▶ [TASK TO COMPLETE]: Beginning with the line that contains "Friendship Gate - a", retype the entries below exactly, ending with the line that contains "Hands-On With Logitech's". Leave out any pictures.

▶ [INFORMATION SUPPLIED]:

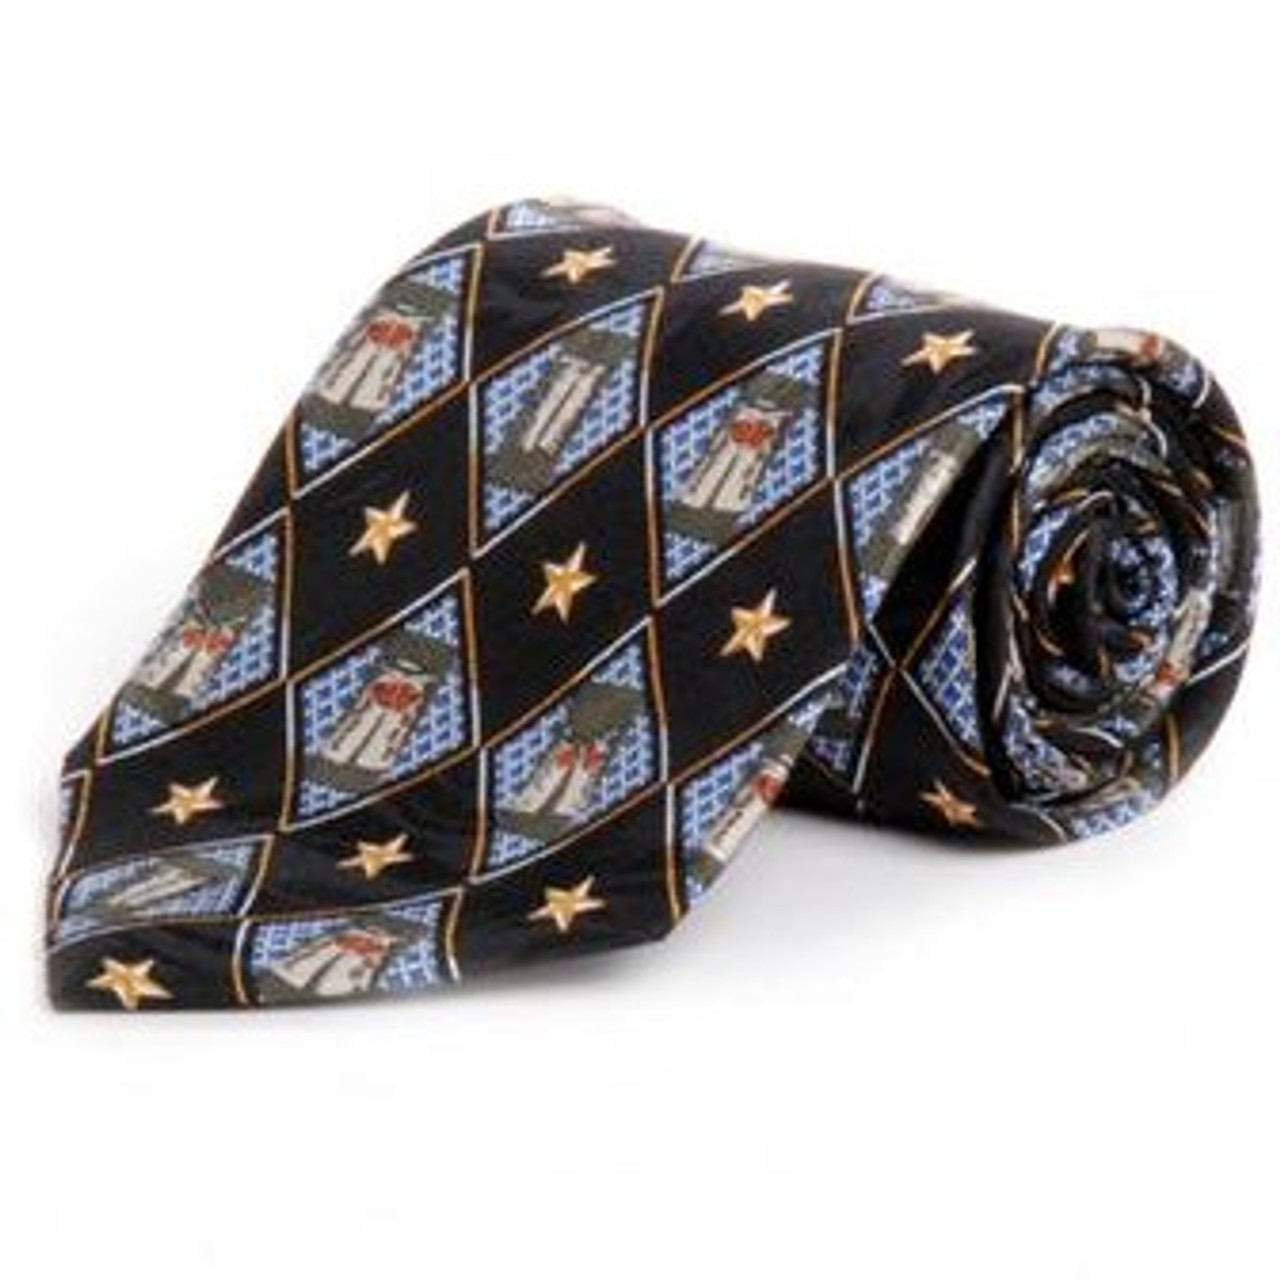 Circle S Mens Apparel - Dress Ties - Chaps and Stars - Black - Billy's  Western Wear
--
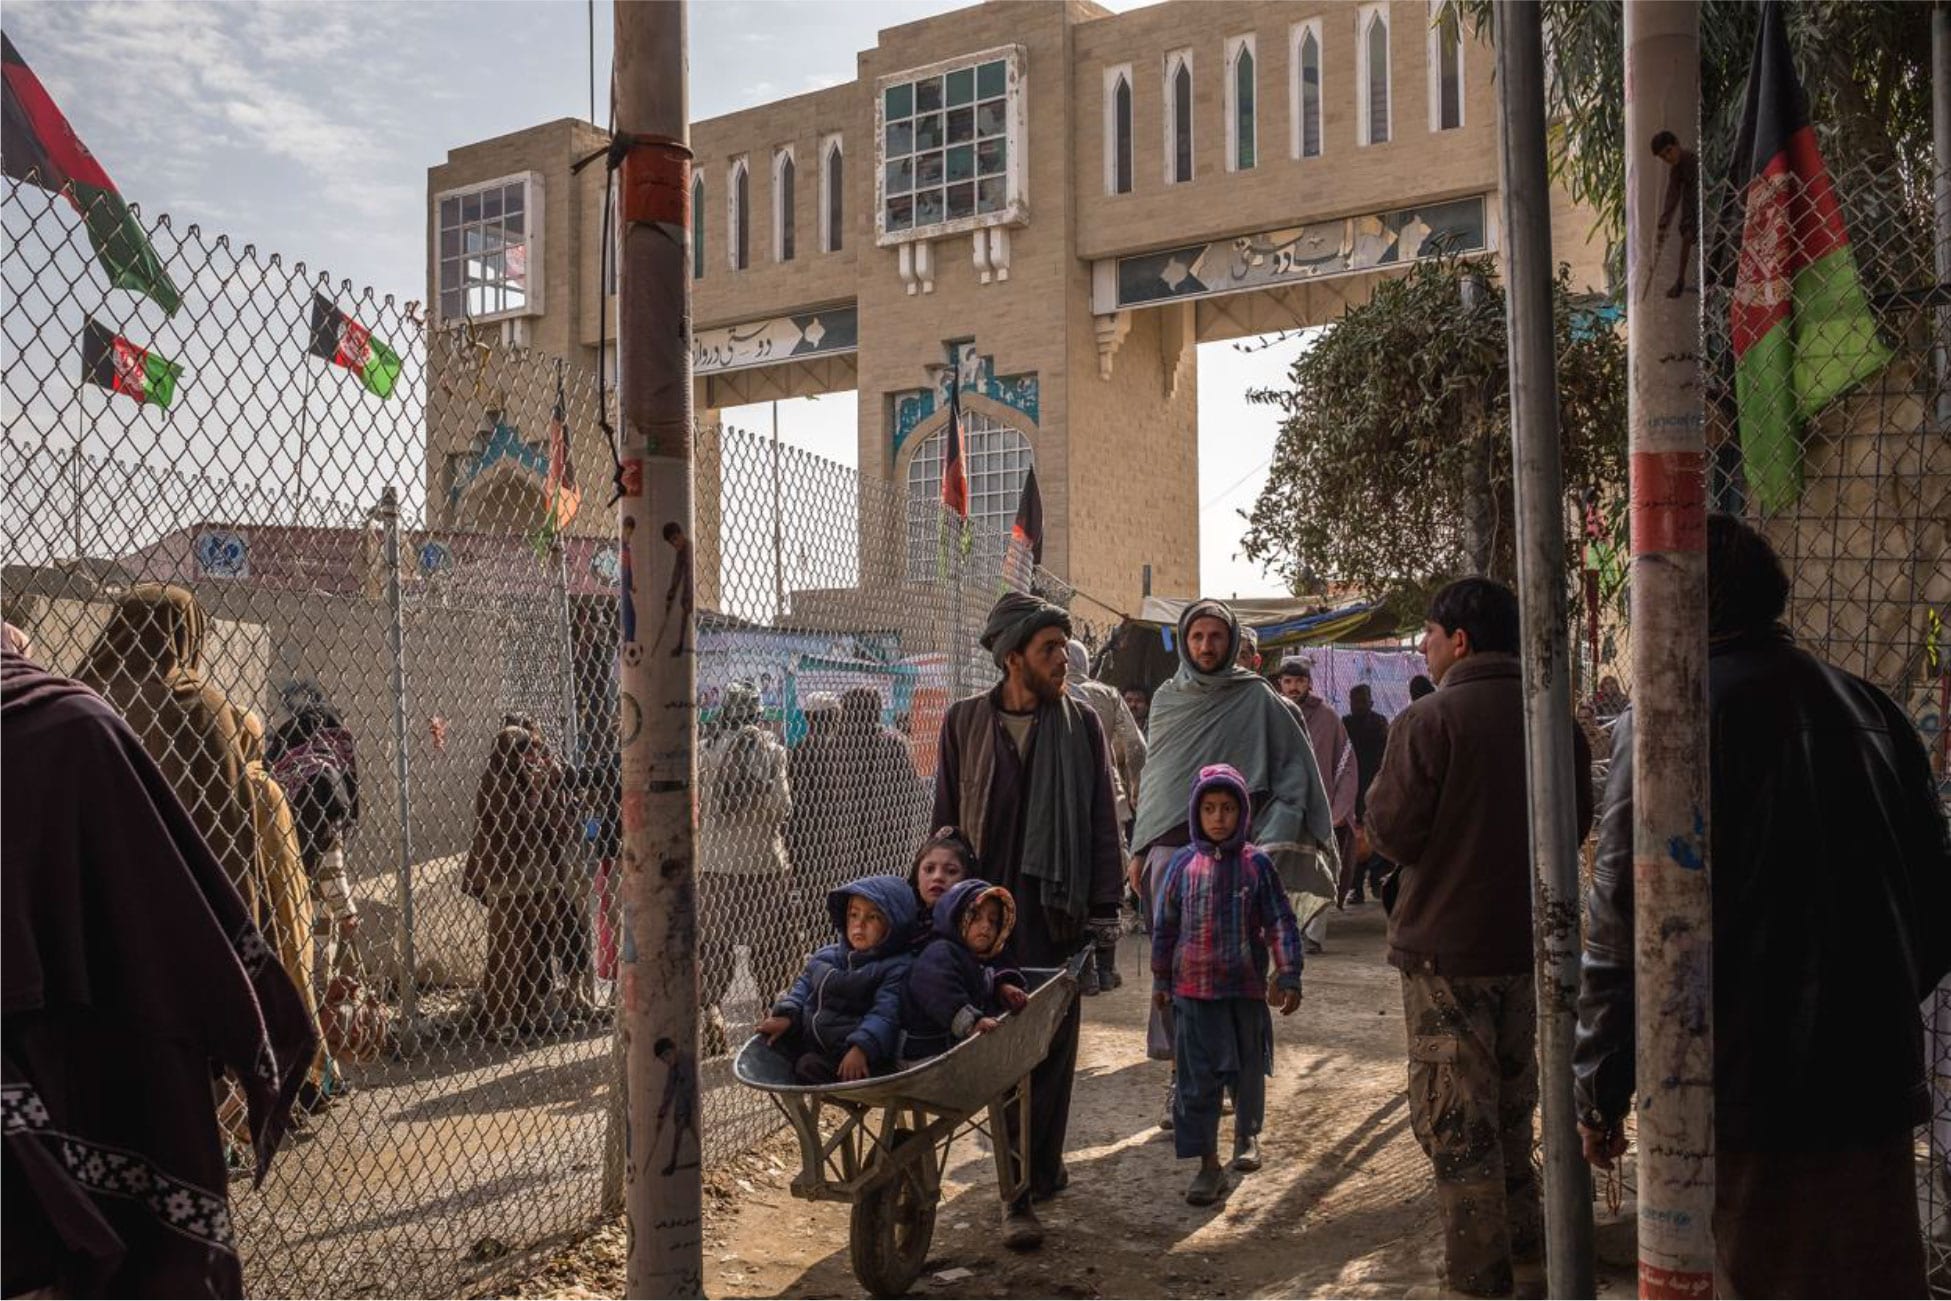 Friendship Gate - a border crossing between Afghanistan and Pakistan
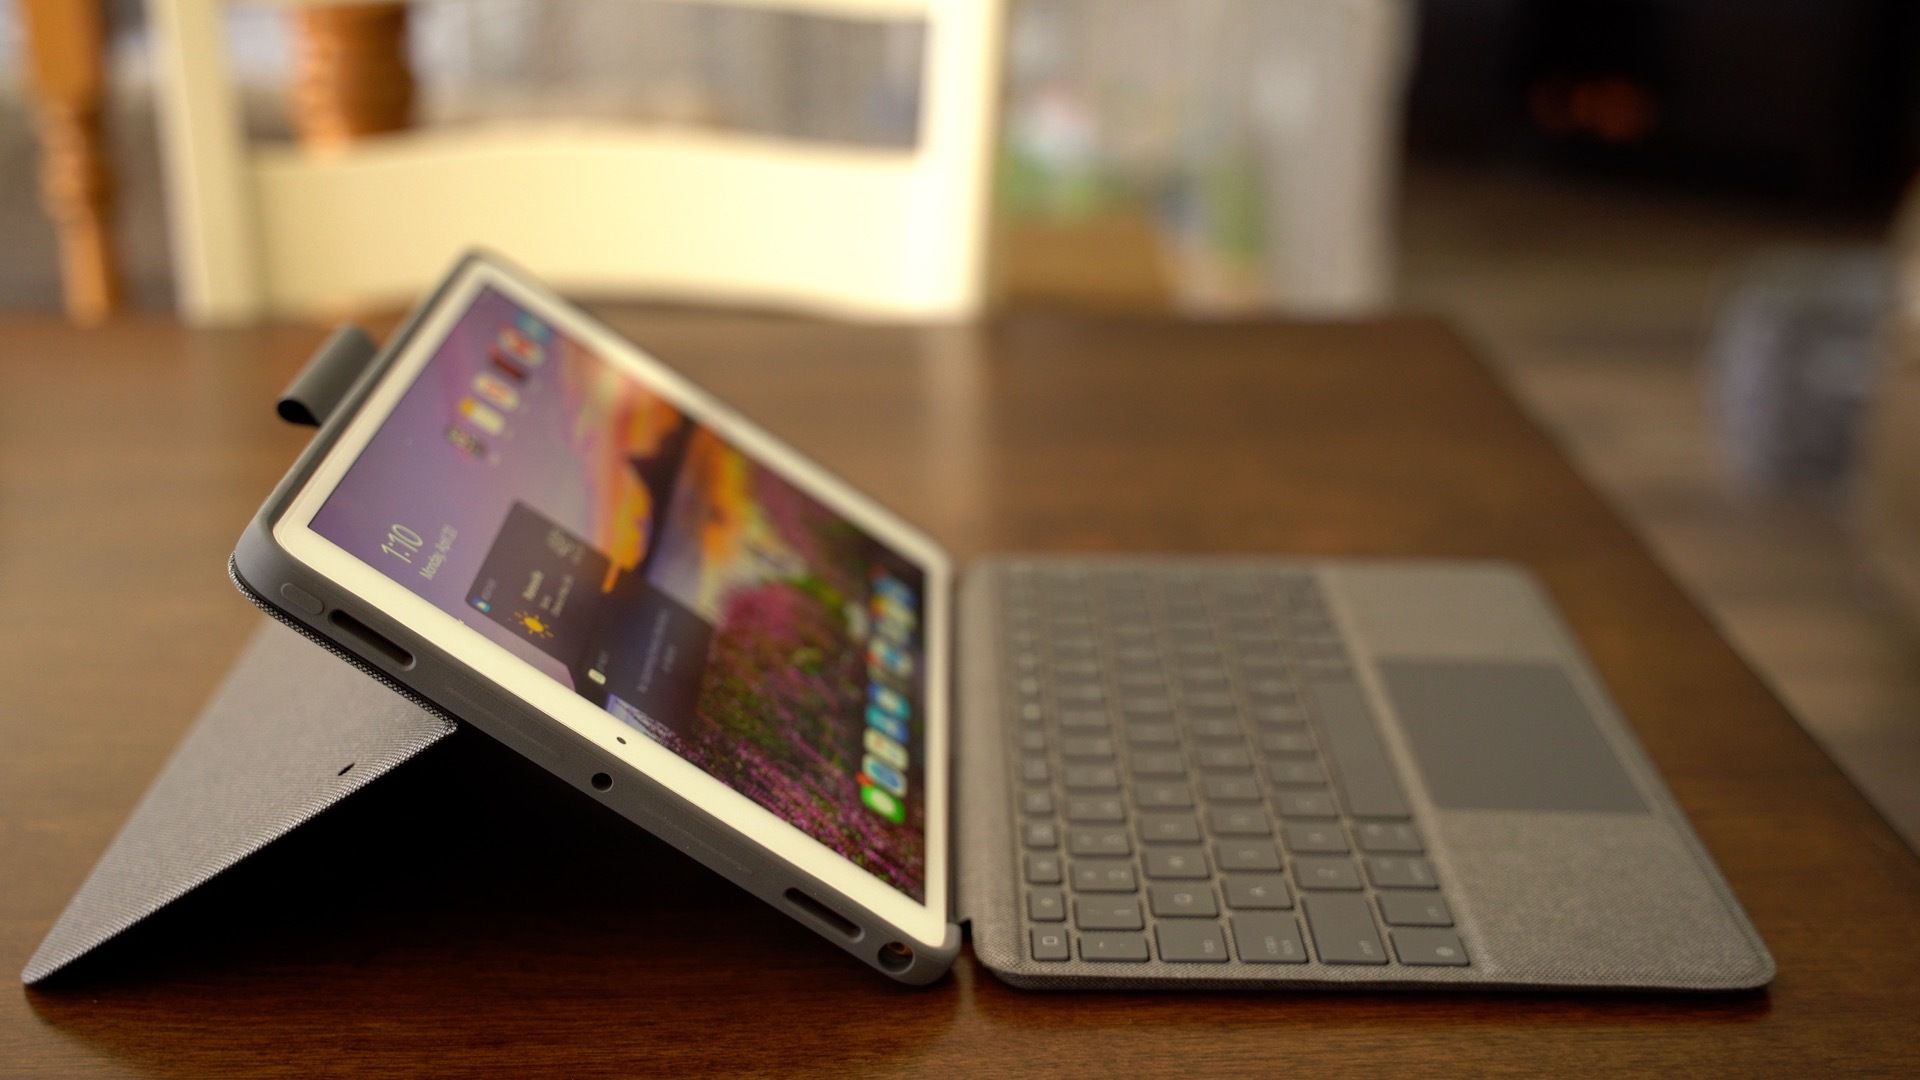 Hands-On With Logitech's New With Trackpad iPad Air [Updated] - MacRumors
--
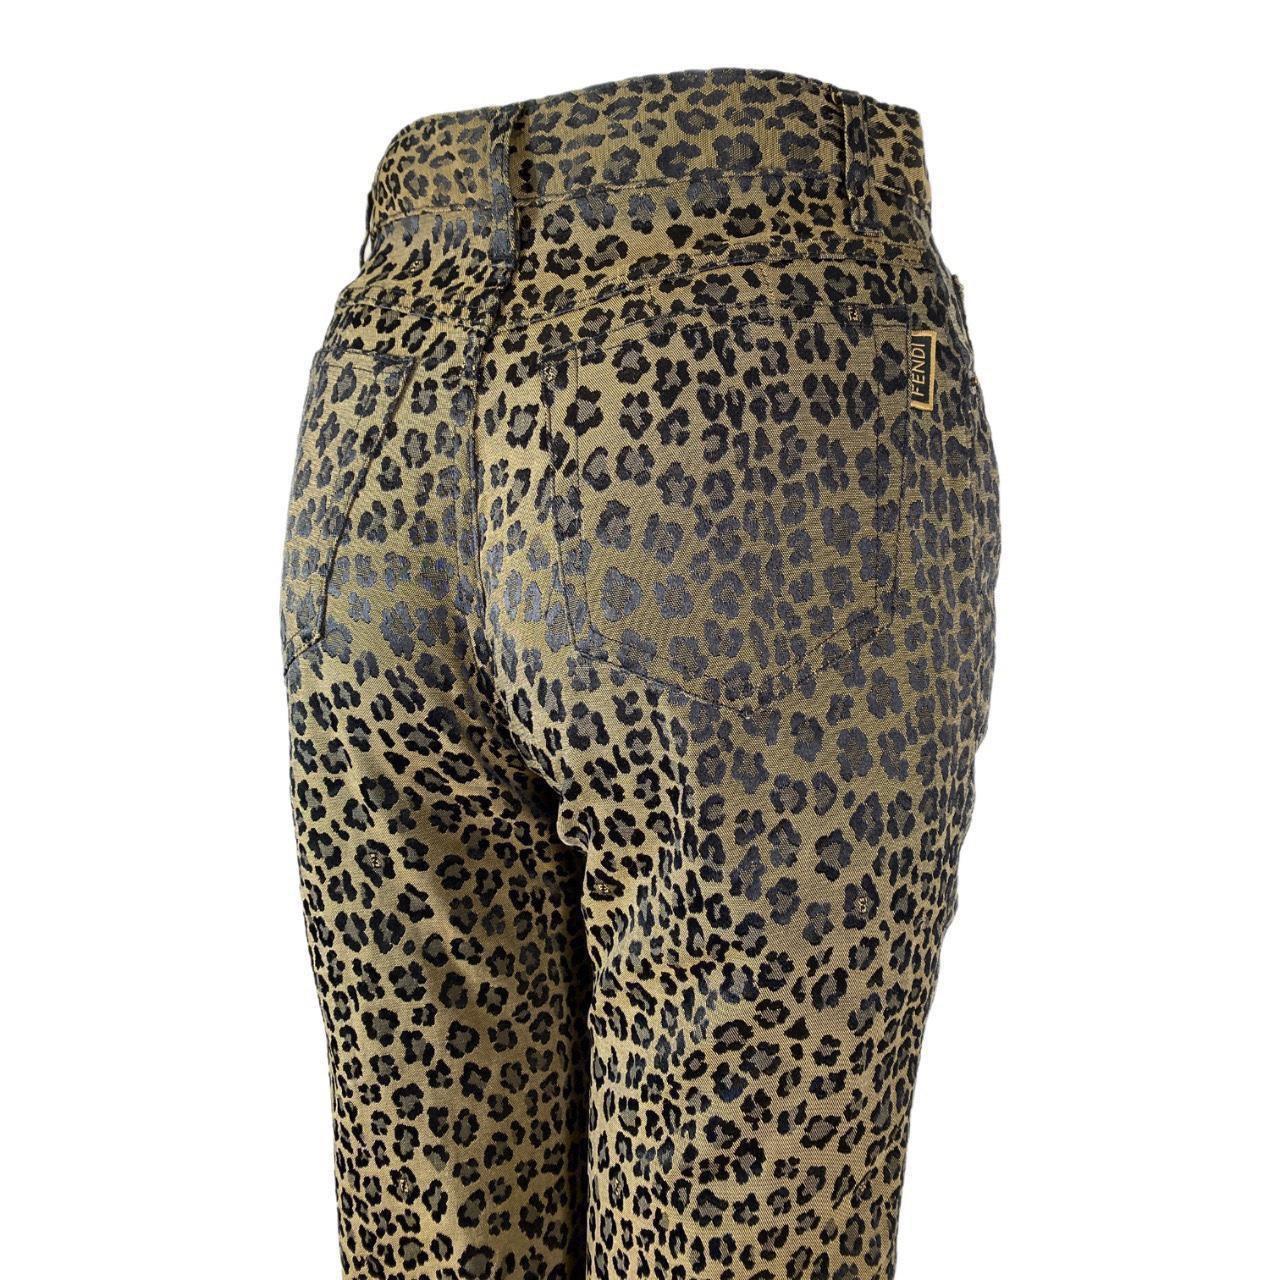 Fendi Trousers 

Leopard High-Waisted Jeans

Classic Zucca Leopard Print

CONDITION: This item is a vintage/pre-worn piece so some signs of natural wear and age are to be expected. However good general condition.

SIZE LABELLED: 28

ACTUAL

▶ [RESPONSE FOR THIS EXERCISE]:
 Friendship Gate - a border crossing between Afghanistan and Pakistan
 Hands-On With Logitech's New With Trackpad iPad Air [Updated] - MacRumors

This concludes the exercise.